# N1 Against the Cult of the Reptile Gods MAPS



## MichaelArkAngel (Dec 21, 2017)

I made some maps this module and I thought I would share my maps with anyone else out there thinking about running it as well.

I have uploaded them to my DeviantArt gallery.

THESE MAPS ARE FREE FOR DOWNLOAD!

Enjoy!

Town of Orlane

Golden Grain Inn 1F

Golden Grain Inn 2F

Golden Grain Inn Cellar

Slumbering Serpent 1F

Slumbering Serpent 2F

Temple of Merrica 1F

Temple of Merrica 2F

Temple of Merrica Cellar

Reptile Dungeon Level 1

Reptile Dungeon Level 2


----------



## marcloure (Feb 18, 2018)

Dude, this is fantastic. Thank you.


----------



## MichaelArkAngel (Feb 28, 2018)

Pretty cool note Seth Skorkowski a fantasy and horror author, more notably known for his Call of Cthulhu reviews, recently did a review of _Against the Cult of the Reptile god_. Even cooler is he used my map of Orlane in the review, and also included a link to ALL the maps for this adventure!

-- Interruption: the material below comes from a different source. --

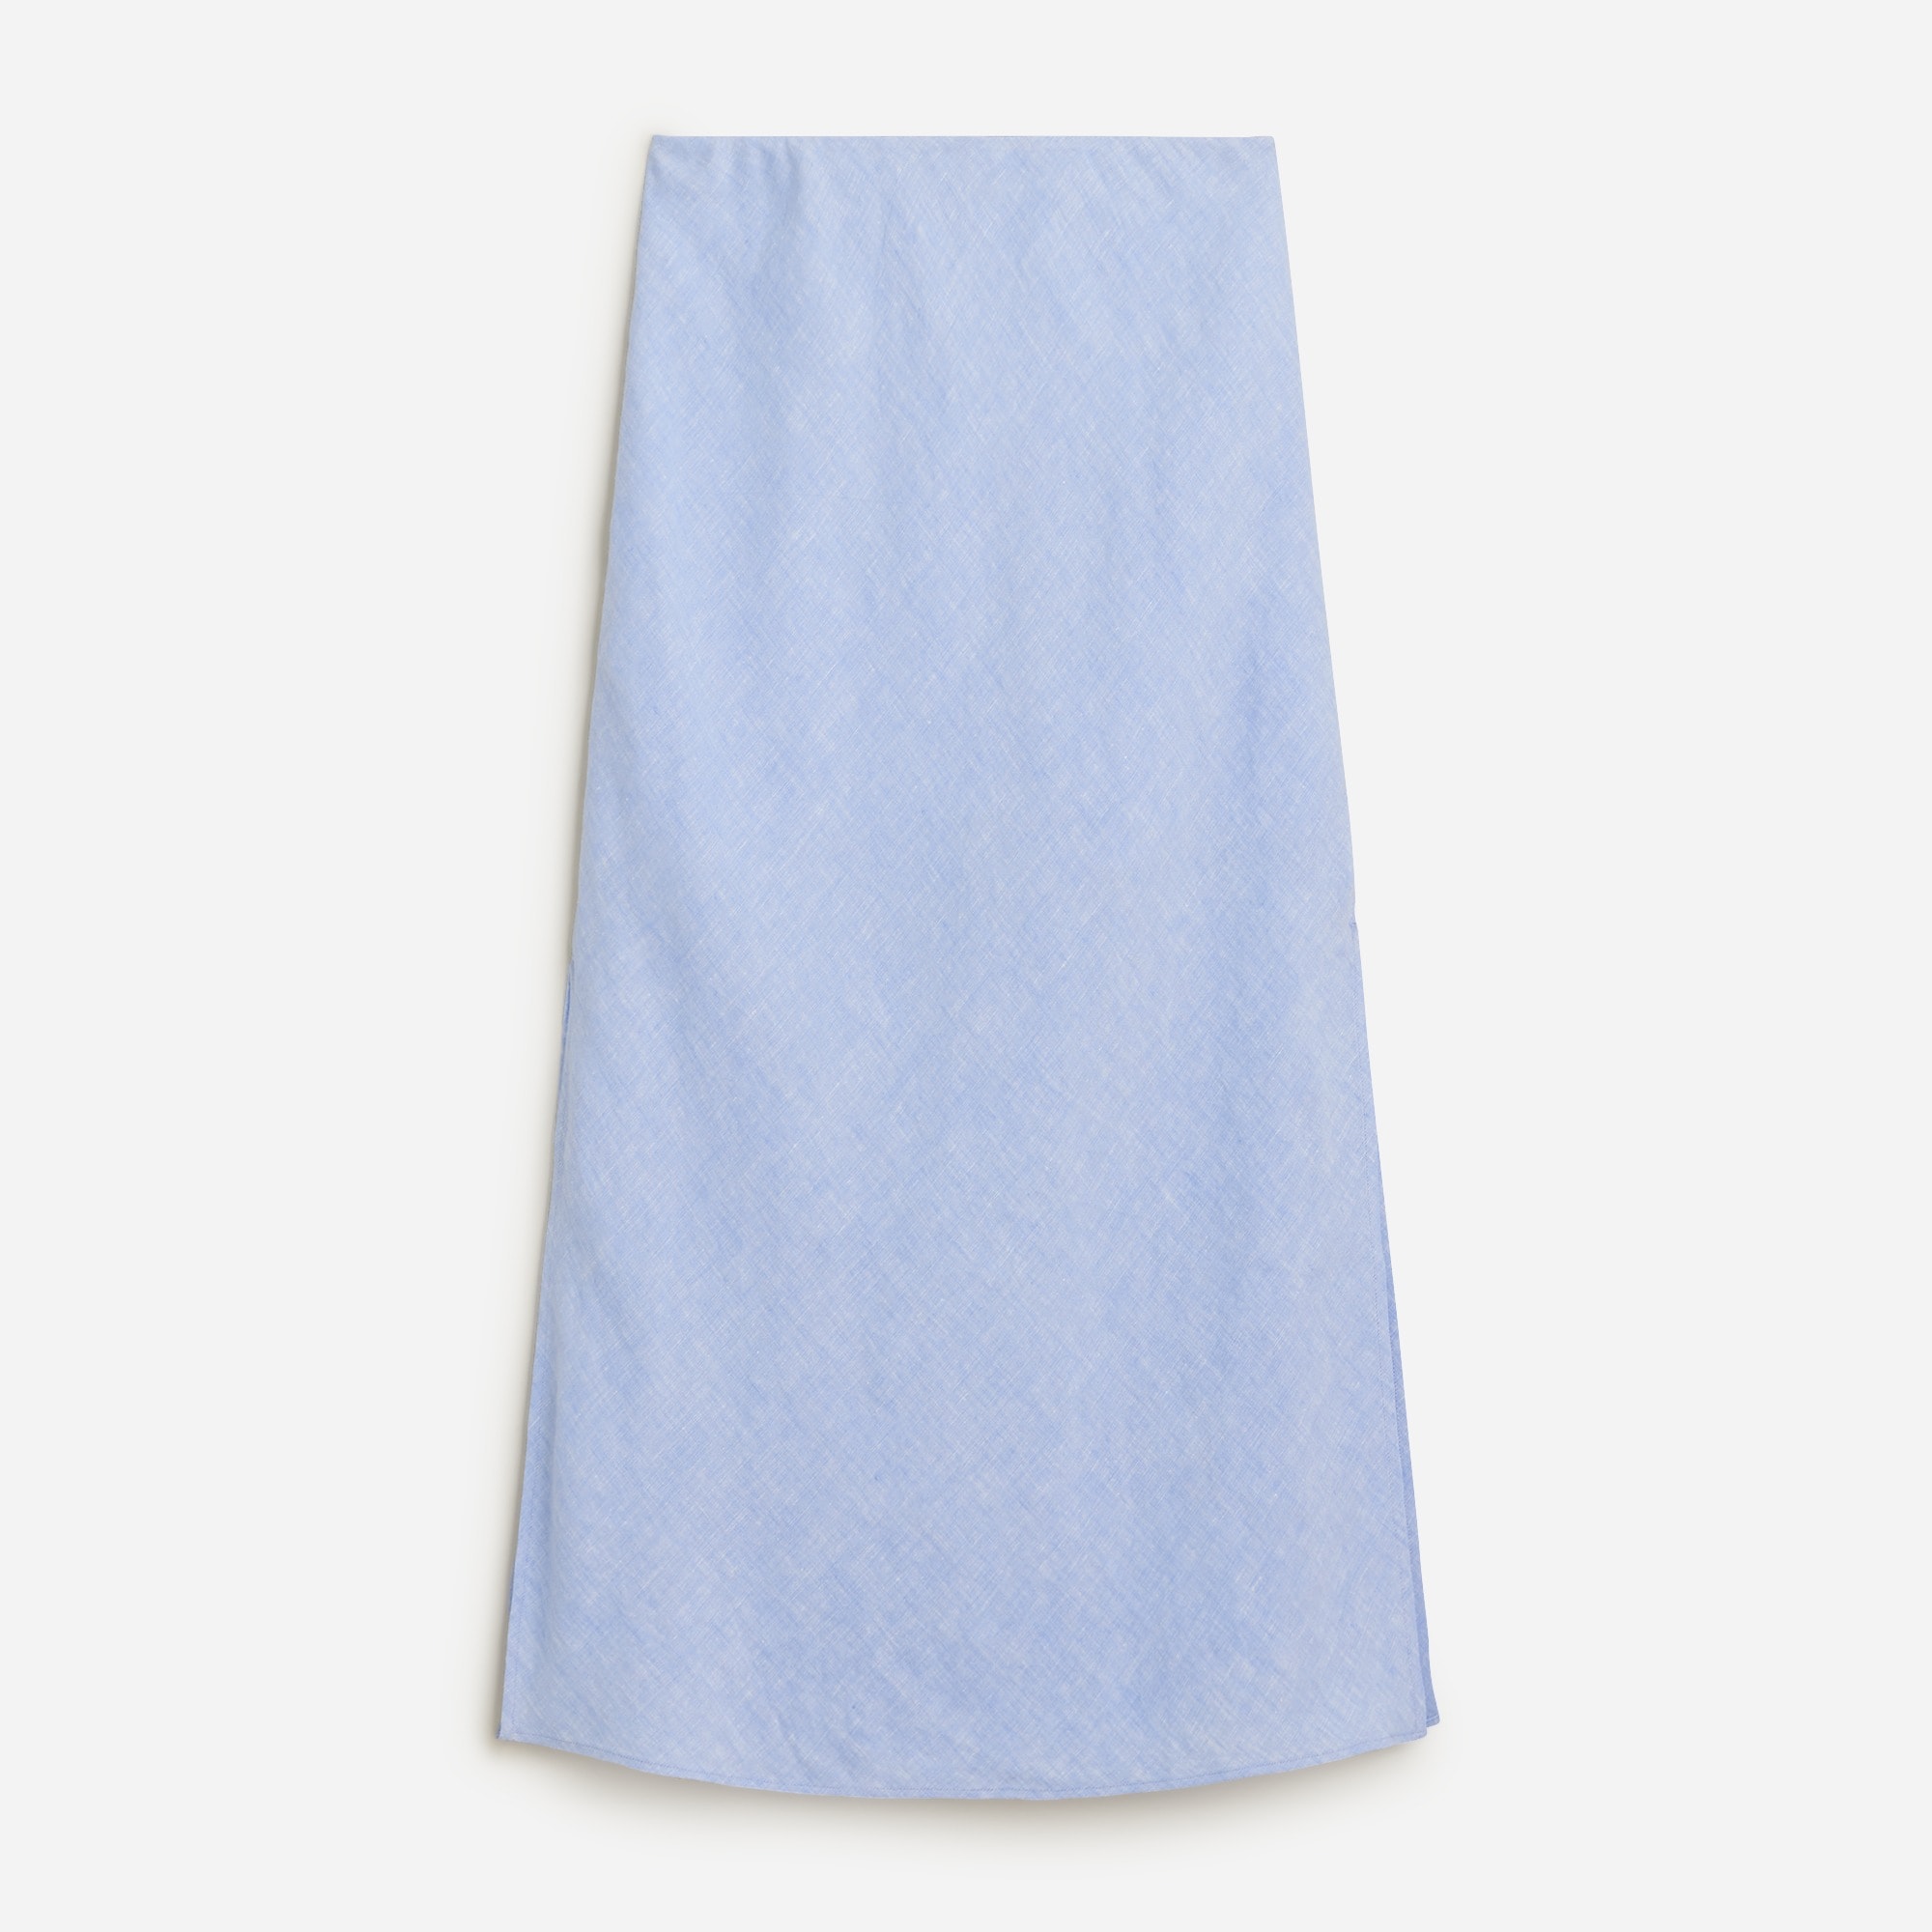  Gwyneth slip skirt in linen

I thought that was kinda neat!

[video=youtube_share;ZdjigmjTDTU]https://youtu.be/ZdjigmjTDTU[/video]


----------



## Hoyce (Jun 14, 2018)

These are really great! If the Grid lines were still on them I'd blow these up and print them out for table use immediately! I know it might ruin how great they look but it would be perfect!

Fantastic job!


----------



## Casimir Liber (Jan 22, 2022)

I made a map for above the dungeon and surrounds. DMs will know what the two brown things are at the bottom of the map and where they go....


----------



## miggyG777 (Jan 22, 2022)

Thank you! Perhaps it's time to try and run this module in PF2e.


----------



## Casimir Liber (Jan 22, 2022)

miggyG777 said:


> Thank you! Perhaps it's time to try and run this module in PF2e.

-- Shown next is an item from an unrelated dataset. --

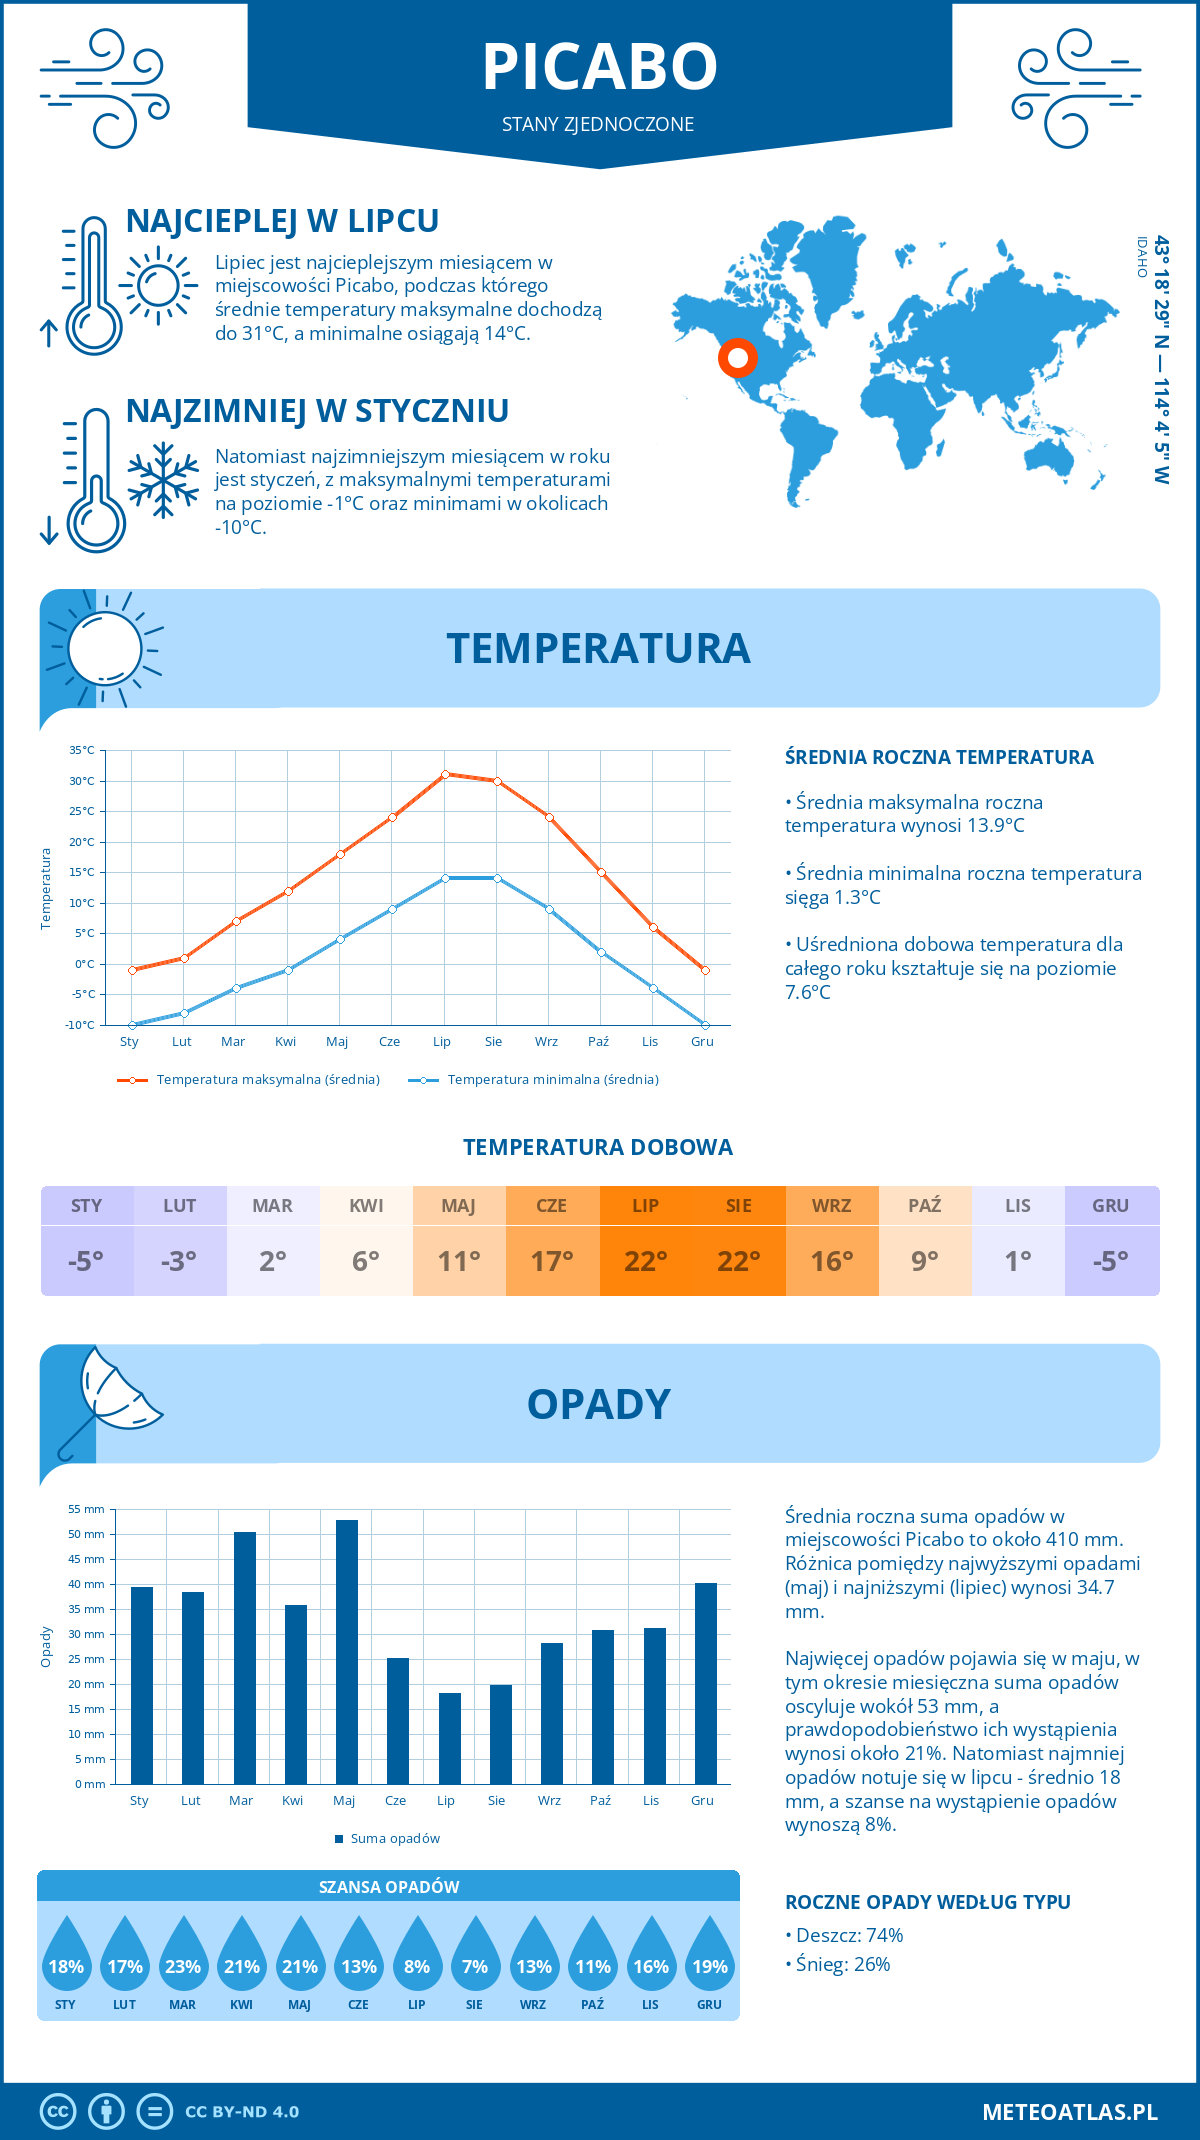 Pogoda Picabo (Stany Zjednoczone). Temperatura oraz opady.

I's been alot of fun. I do think starting the party at higher level and buffing the monsters leading to a satisfying final encounter rather than having first level characters and hobbling the final encounter is preferable


----------



## Althrim (Sep 19, 2022)

These maps just saved me days of work.  My campaign includes AtCotRG in about a month, and while the art style isn't "exactly" like I've been using in Dungeondraft for all the other maps (using the Forgotten Adventures suite of packs), it is a) definitely close enough, and b) in many ways far more beautiful and realistic...especially your treatment of water and mud in the reptile dungeon.  Absolute perfection.


----------



## corwyn77 (Sep 27, 2022)

Cool, Cult and Saltmarsh are my favourite 1e adventures. I've been looking to convert one of them for my GURPS Dungeon Fantasy game.


----------